___ The data ___

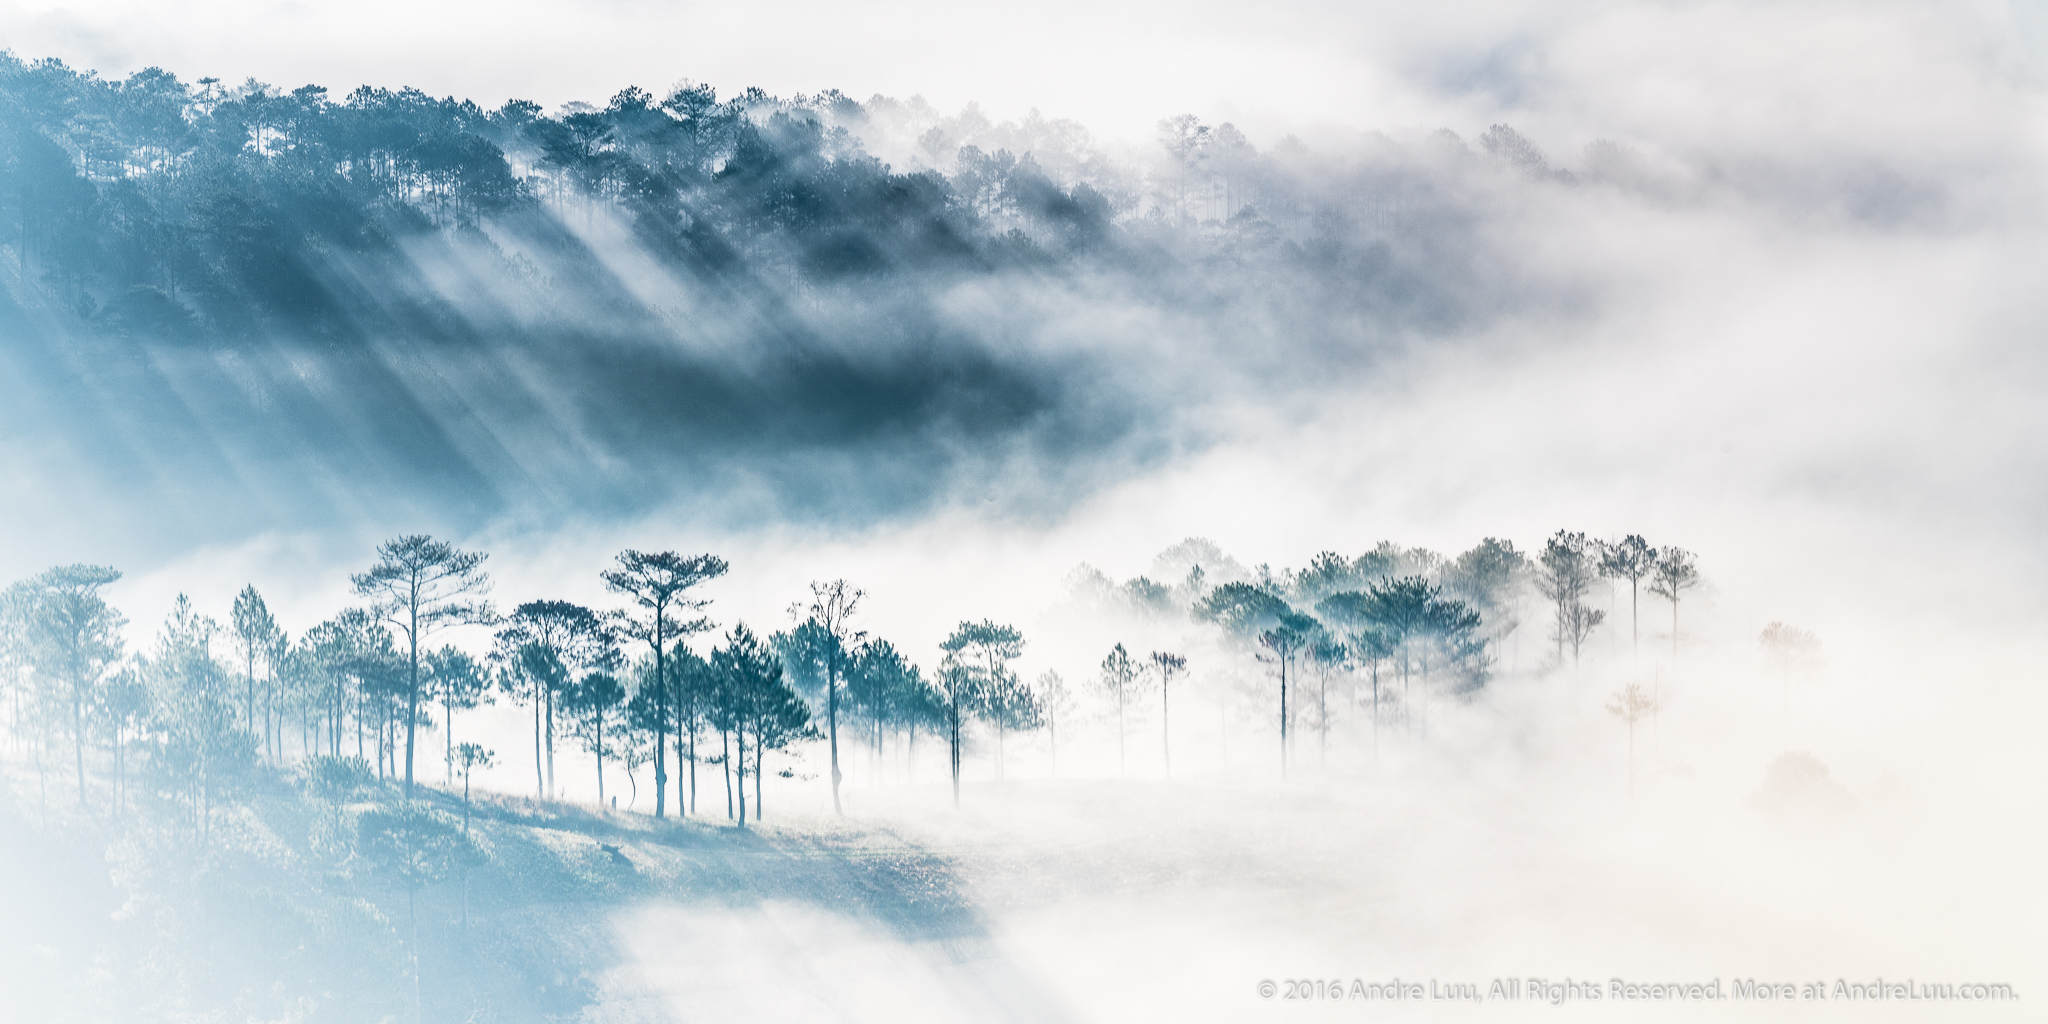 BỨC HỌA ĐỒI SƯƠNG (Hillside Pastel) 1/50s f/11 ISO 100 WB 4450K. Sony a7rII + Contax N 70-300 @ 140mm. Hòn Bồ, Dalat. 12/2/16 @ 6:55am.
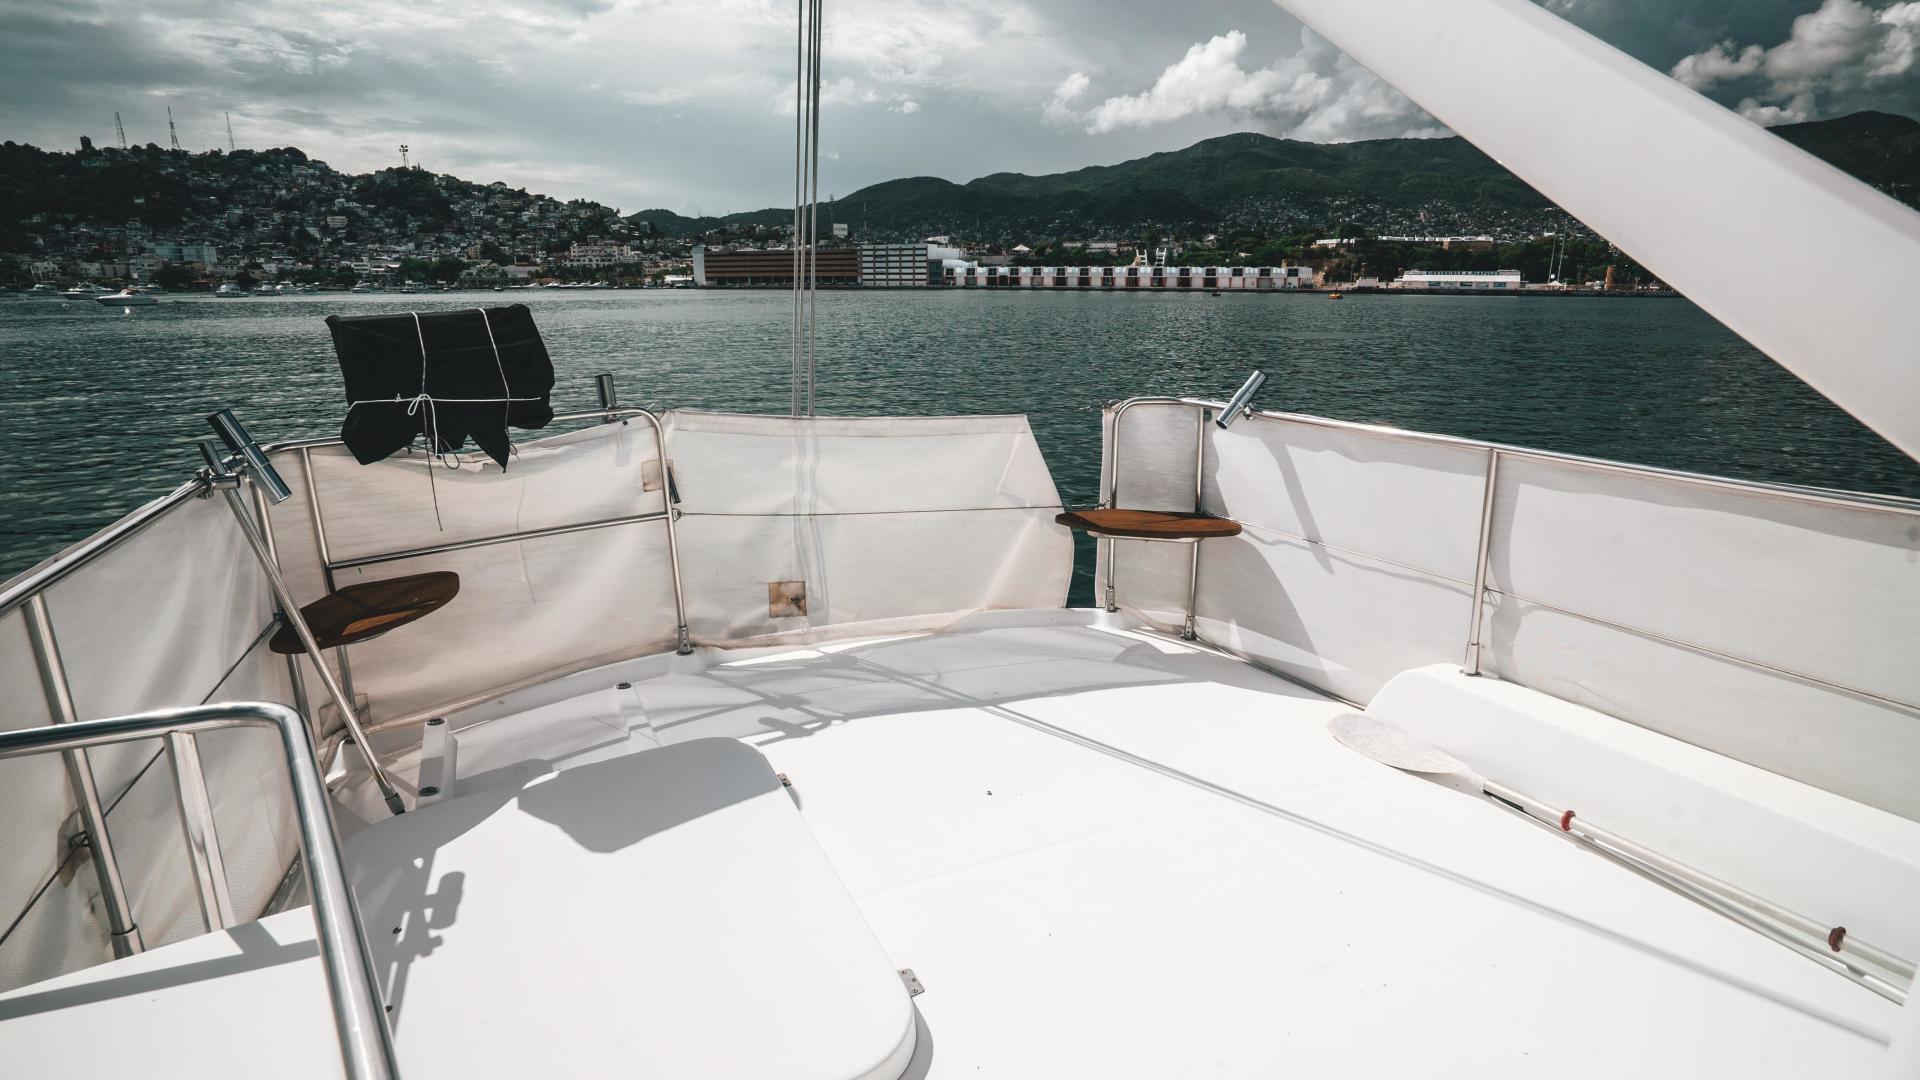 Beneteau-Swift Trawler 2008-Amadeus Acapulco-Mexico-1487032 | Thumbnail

___
___ The data ___

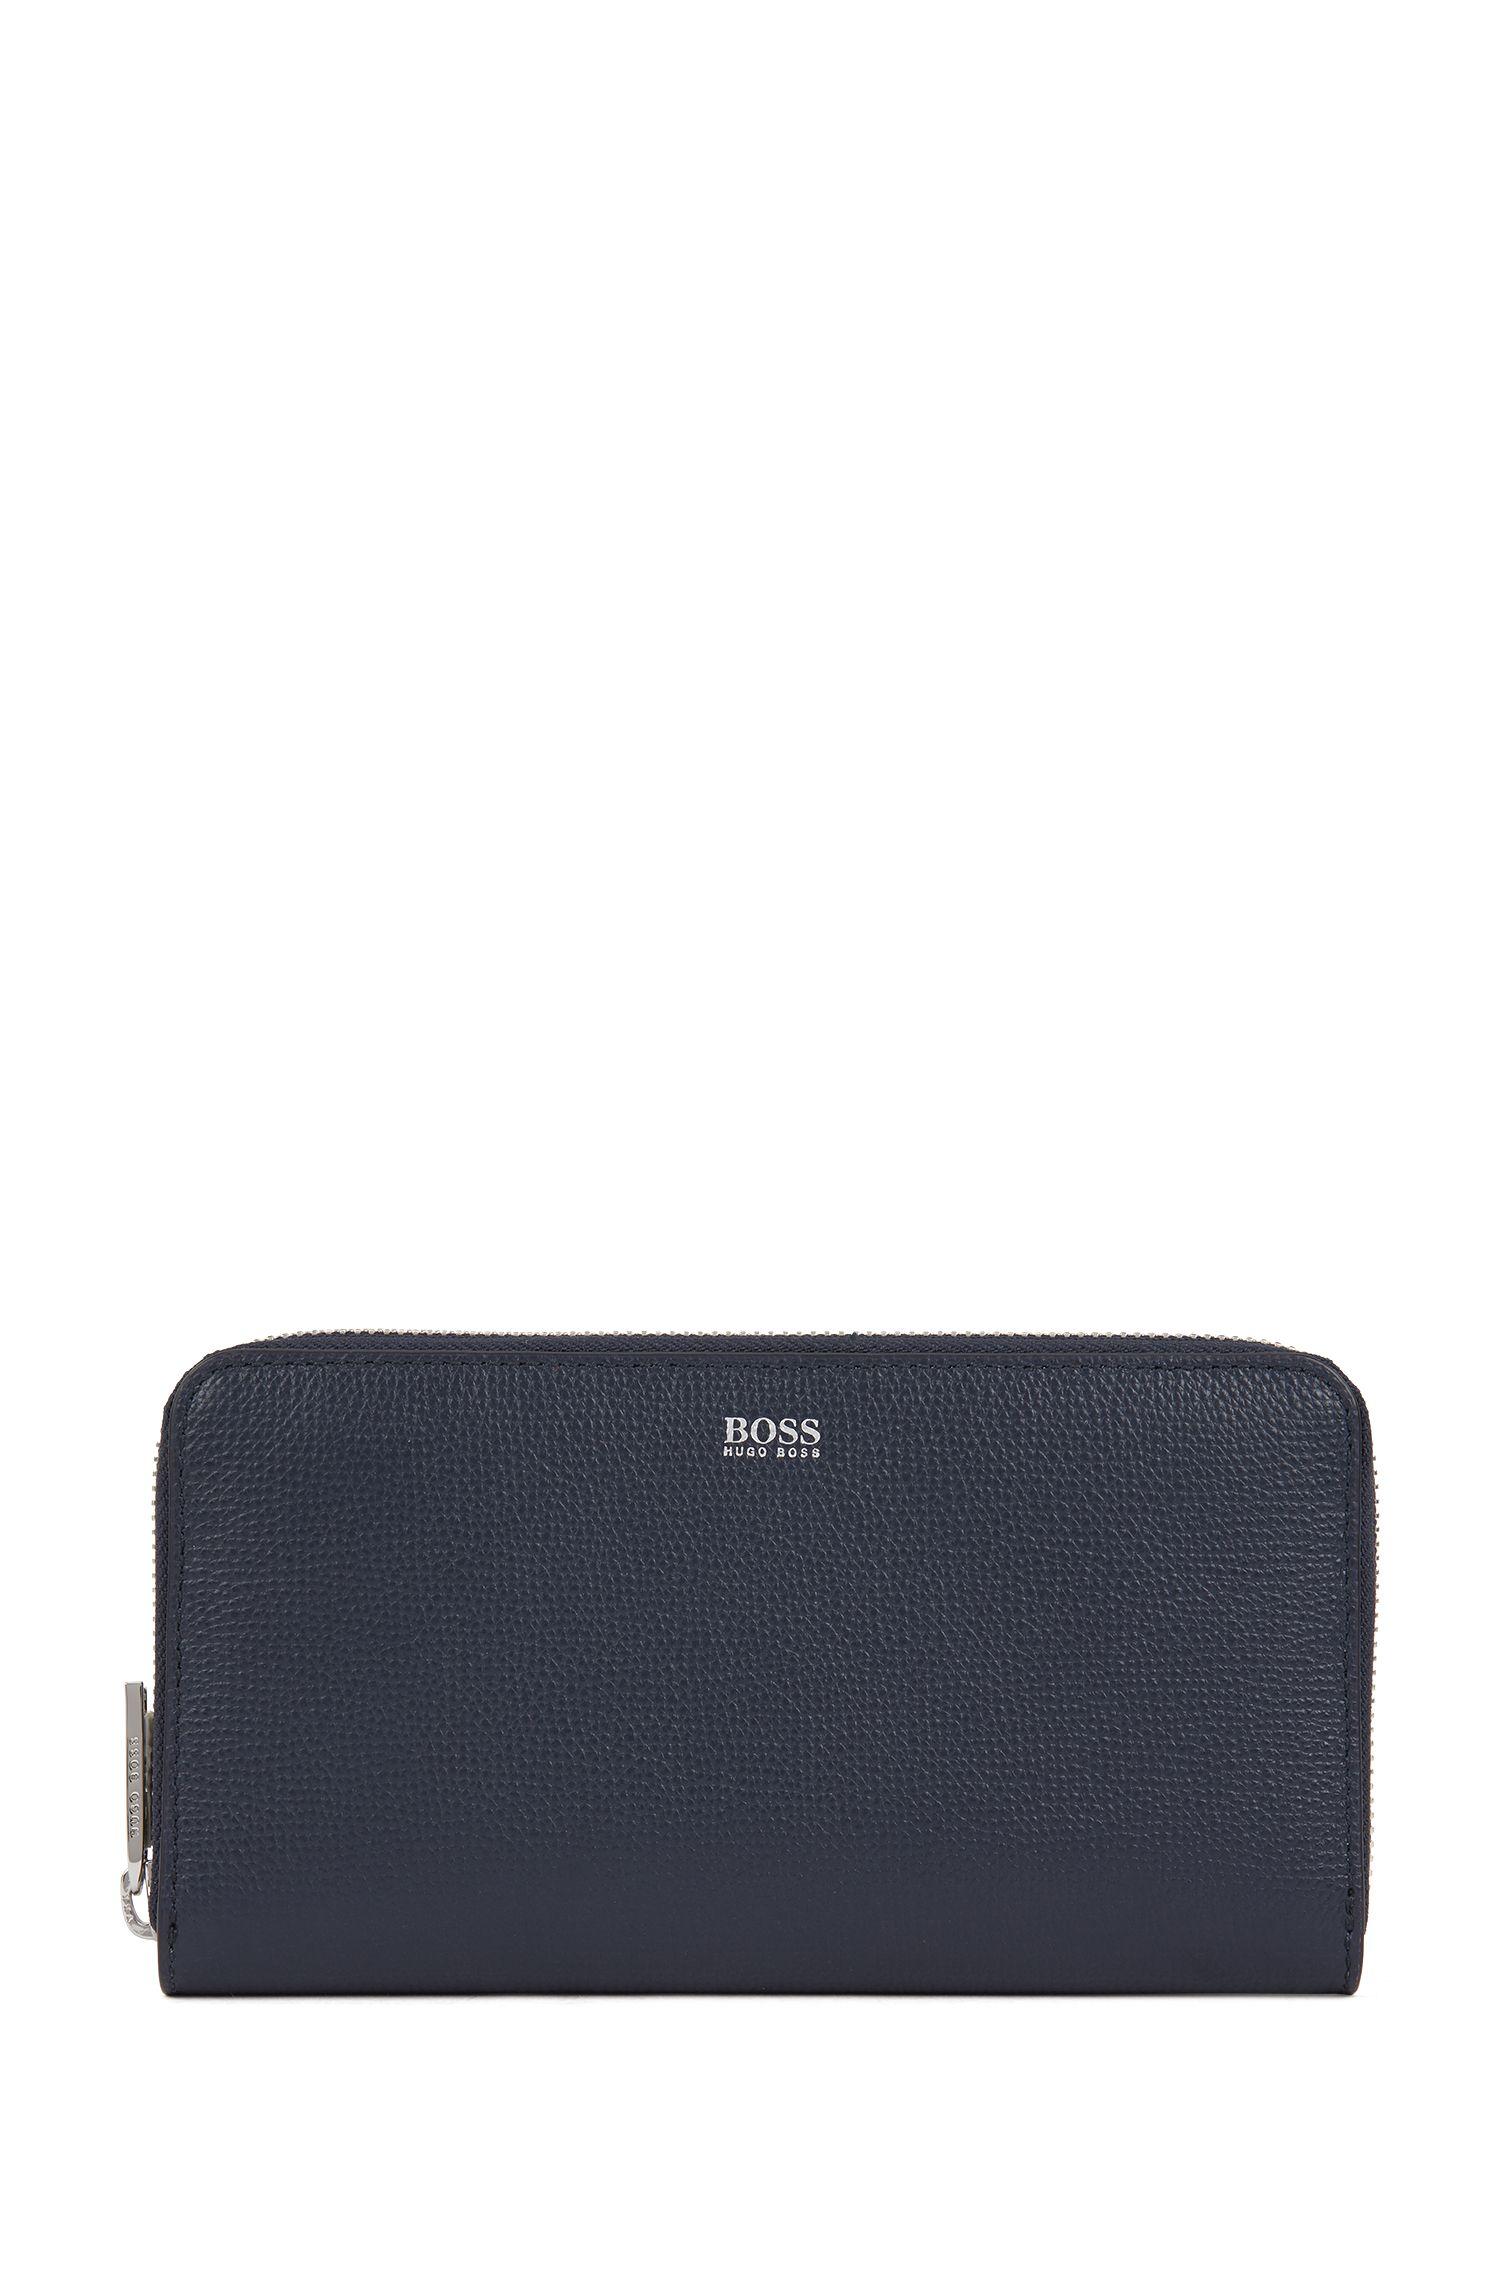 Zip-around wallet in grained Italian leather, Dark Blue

___

→ **Work to complete**
Exact repeat of the material above: every line from the one with "BỨC HỌA ĐỒI" through the one with "Beneteau-Swift Trawler 2008-Amadeus", endpoints included, and nothing more. No pictures.

→ **Answer box**
 BỨC HỌA ĐỒI SƯƠNG (Hillside Pastel) 1/50s f/11 ISO 100 WB 4450K. Sony a7rII + Contax N 70-300 @ 140mm. Hòn Bồ, Dalat. 12/2/16 @ 6:55am.
 Beneteau-Swift Trawler 2008-Amadeus Acapulco-Mexico-1487032 | Thumbnail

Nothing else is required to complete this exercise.